▶ WHAT THE TASK ASKS:
Only the text belongs in the copy. Transcribe the data exactly and drop any pictures.

▶ EXERCISE DATA:
⟨

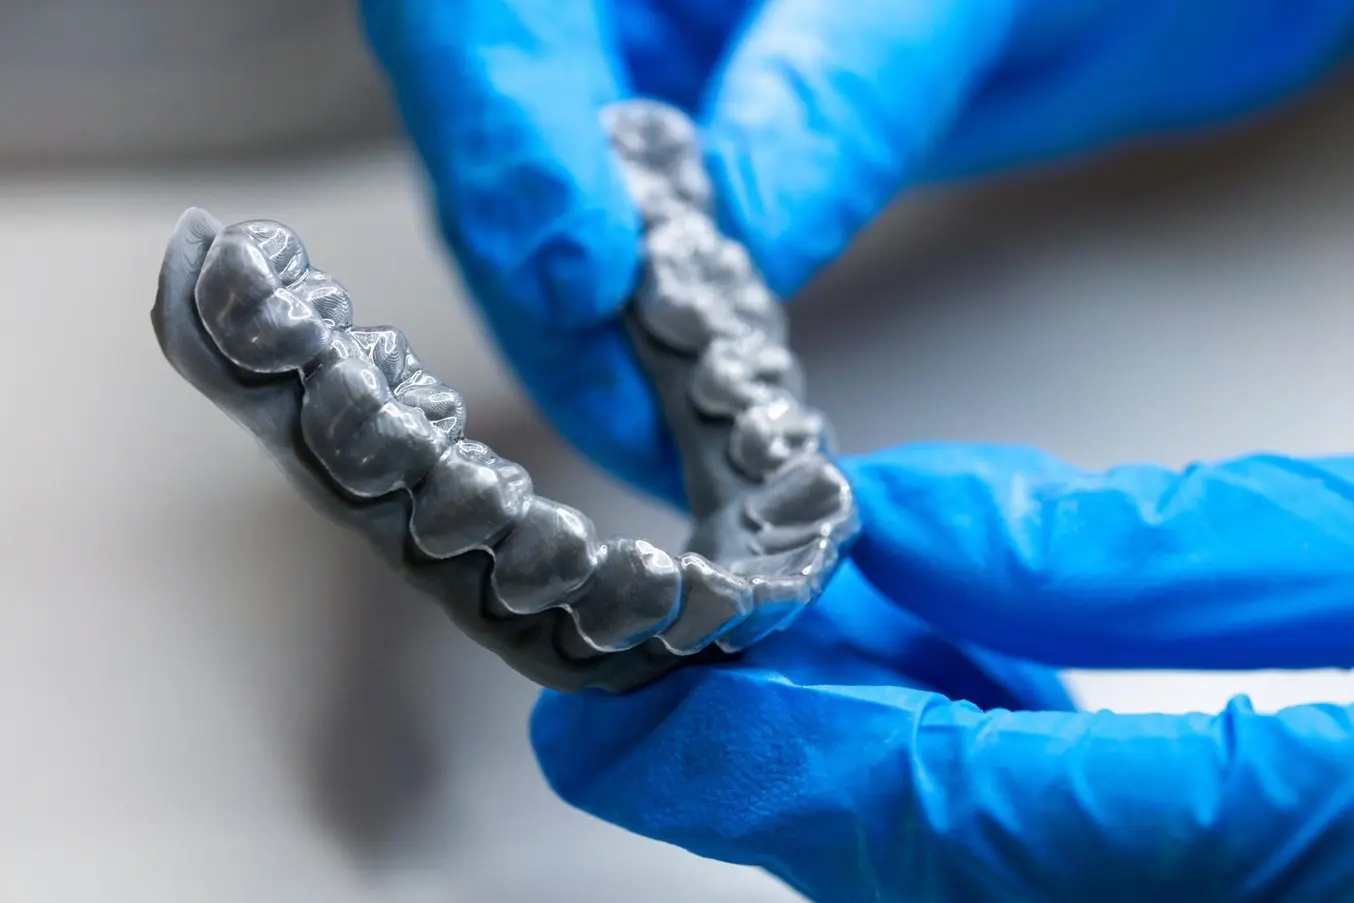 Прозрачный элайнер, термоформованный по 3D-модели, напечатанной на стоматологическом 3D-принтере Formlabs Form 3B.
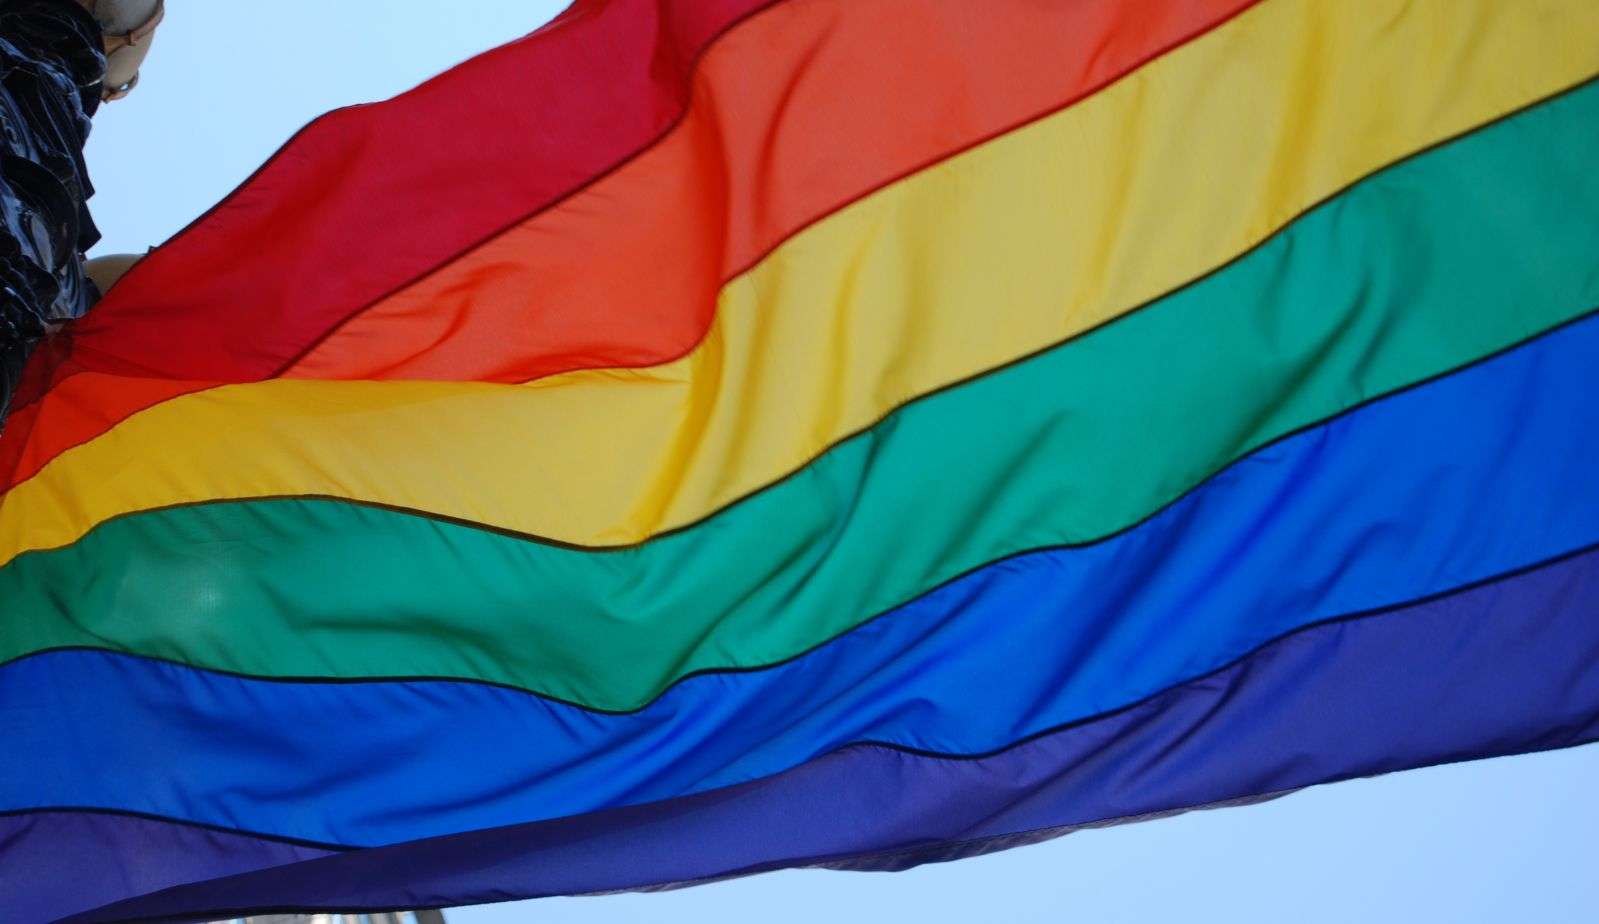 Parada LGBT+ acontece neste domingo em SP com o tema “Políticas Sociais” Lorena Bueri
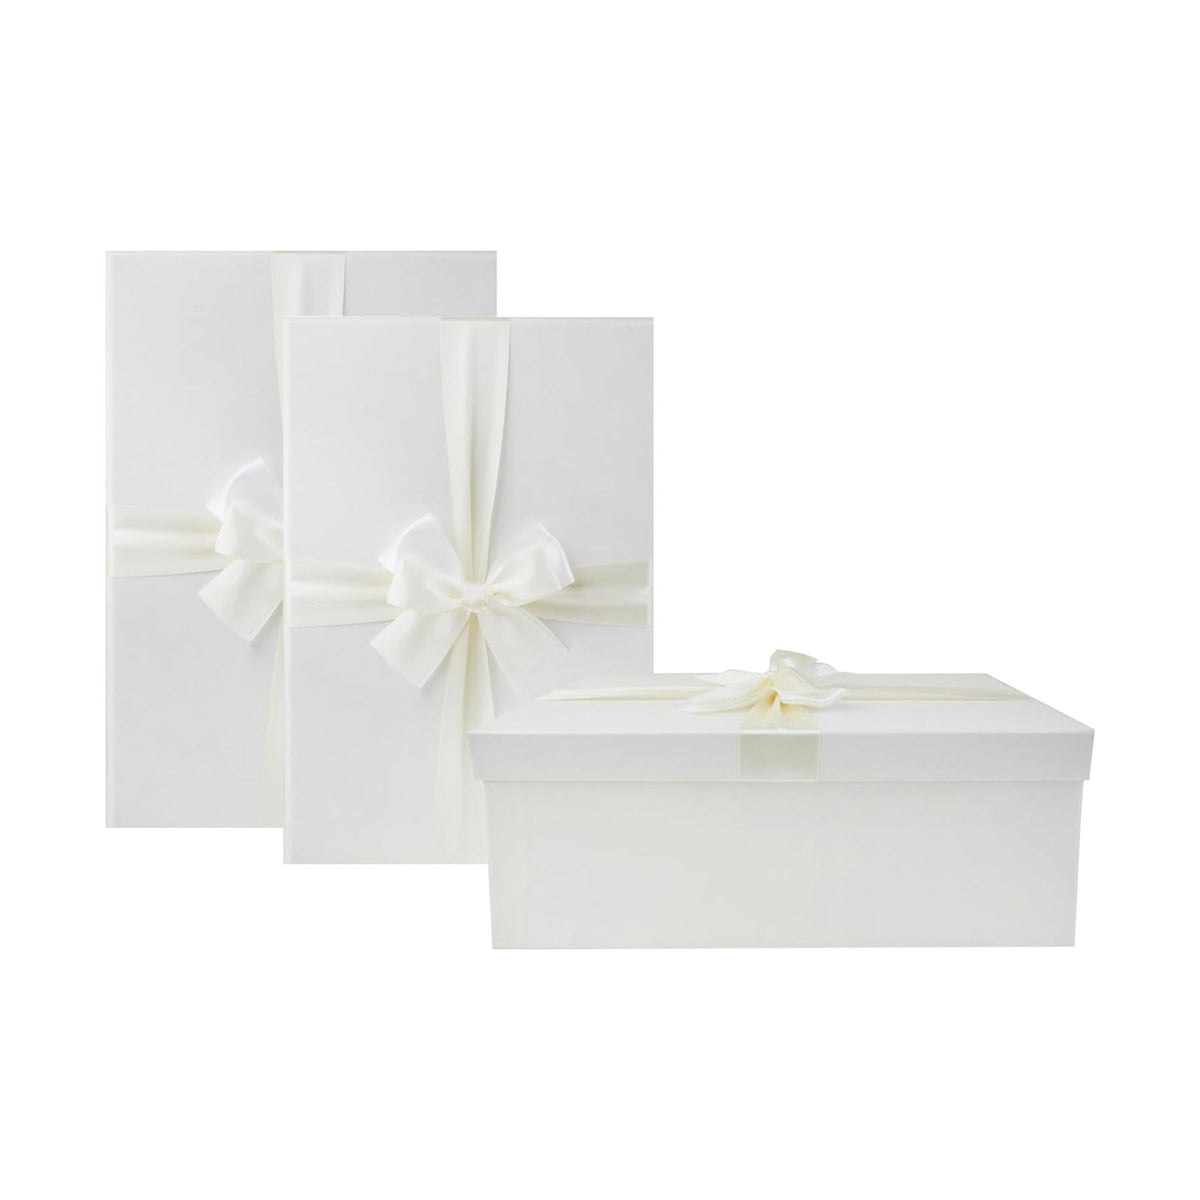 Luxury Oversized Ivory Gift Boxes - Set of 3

⟩

▶ SOLUTION FOR THIS TASK:
 Прозрачный элайнер, термоформованный по 3D-модели, напечатанной на стоматологическом 3D-принтере Formlabs Form 3B.
 Parada LGBT+ acontece neste domingo em SP com o tema “Políticas Sociais” Lorena Bueri
 Luxury Oversized Ivory Gift Boxes - Set of 3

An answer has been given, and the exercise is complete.